10 The Normal Heart (Off Broadway) Twenty years later, many imagined that Larry Kramer's scorching screed about the early days of the AIDS crisis would play like a period piece. Instead, director David Esbjornson's revival revealed the play as a work of wrenching political theater that has lost none of its power to move an audience to tears and outrage. As Kramer's brilliant, vain, maddening alter ego Ned Weeks, Raúl Esparza added another knockout performance to what's fast becoming the most impressive résumé of any young stage actor in New York.
THE WORST
1 Dracula (Broadway) All the ''suck'' puns in the world are not sufficient to condemn this desiccated corpse of a Frank Wildhorn show, which will mercifully fold up its cape Jan. 2. From the sound of it, the Jekyll & Hyde composer simply left the synthesizer idling while he went out for coffee. In its defense, leads Tom Hewitt and Melissa Errico do play dead rather convincingly.
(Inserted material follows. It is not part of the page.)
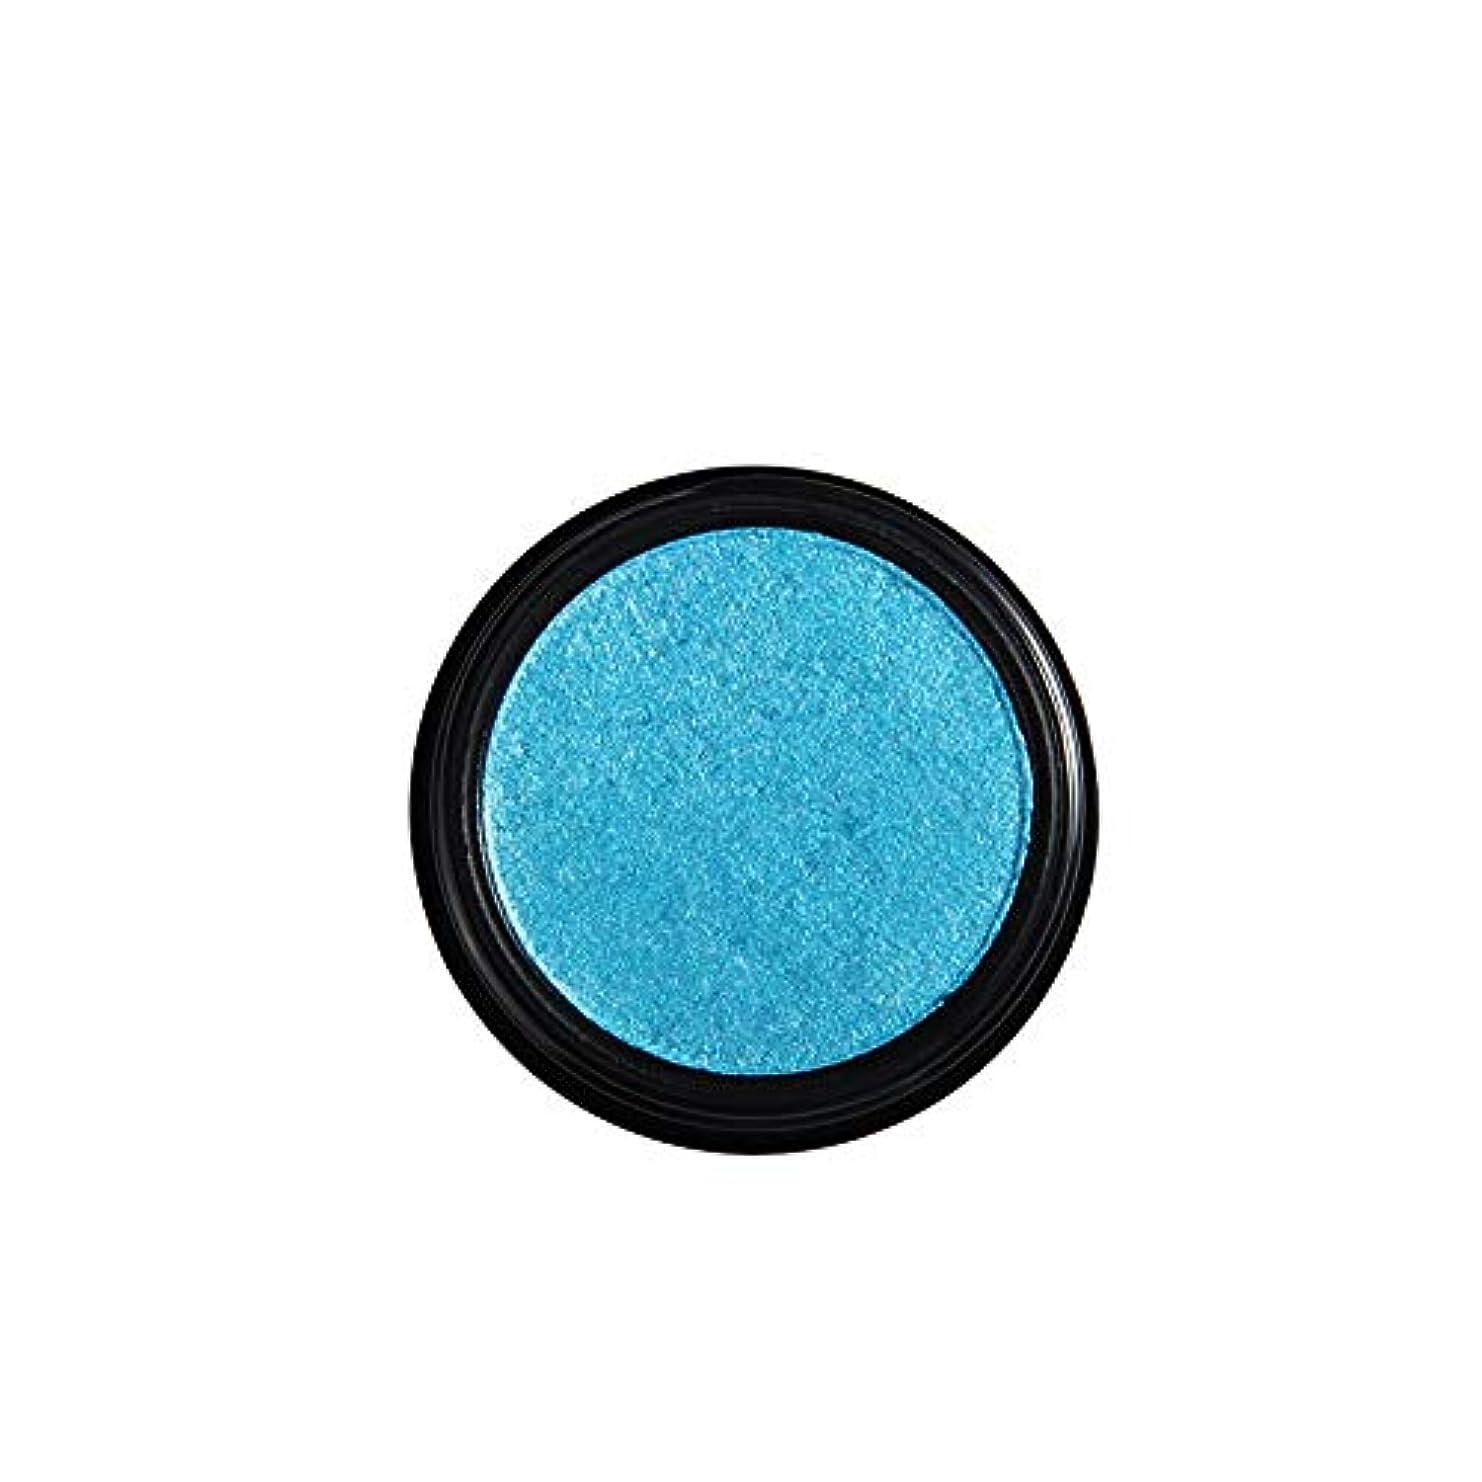 借りている平手打ちミリメーターAkane アイシャドウパレット PHOERA ファッション 高級 美しい ひとつだけ 単なる 魅力的 キラキラ メタリック 綺麗 素敵 持ち便利 日常 Eye Shadow (24色)

2 The Ten Commandments (Los Angeles) Locusts, boils, frogs, hail, and death of the firstborn are easy. This show was hard. The limitations of stunt casting were evident in a sung-through show featuring a pitch-plagued star (Val Kilmer) under so much facial hair that only the first few rows could be sure it was him. But Moses himself couldn't have saved this flop.
3 Embedded (Off Broadway) Actor-turned-writer (actually, ''writer'' may be putting it too strongly) Tim Robbins' take on the war in Iraq was so smug, smirky, ham-handed, and banal that if we didn't know better, we'd swear he was part of a right-wing conspiracy to make left-wing political art look bad.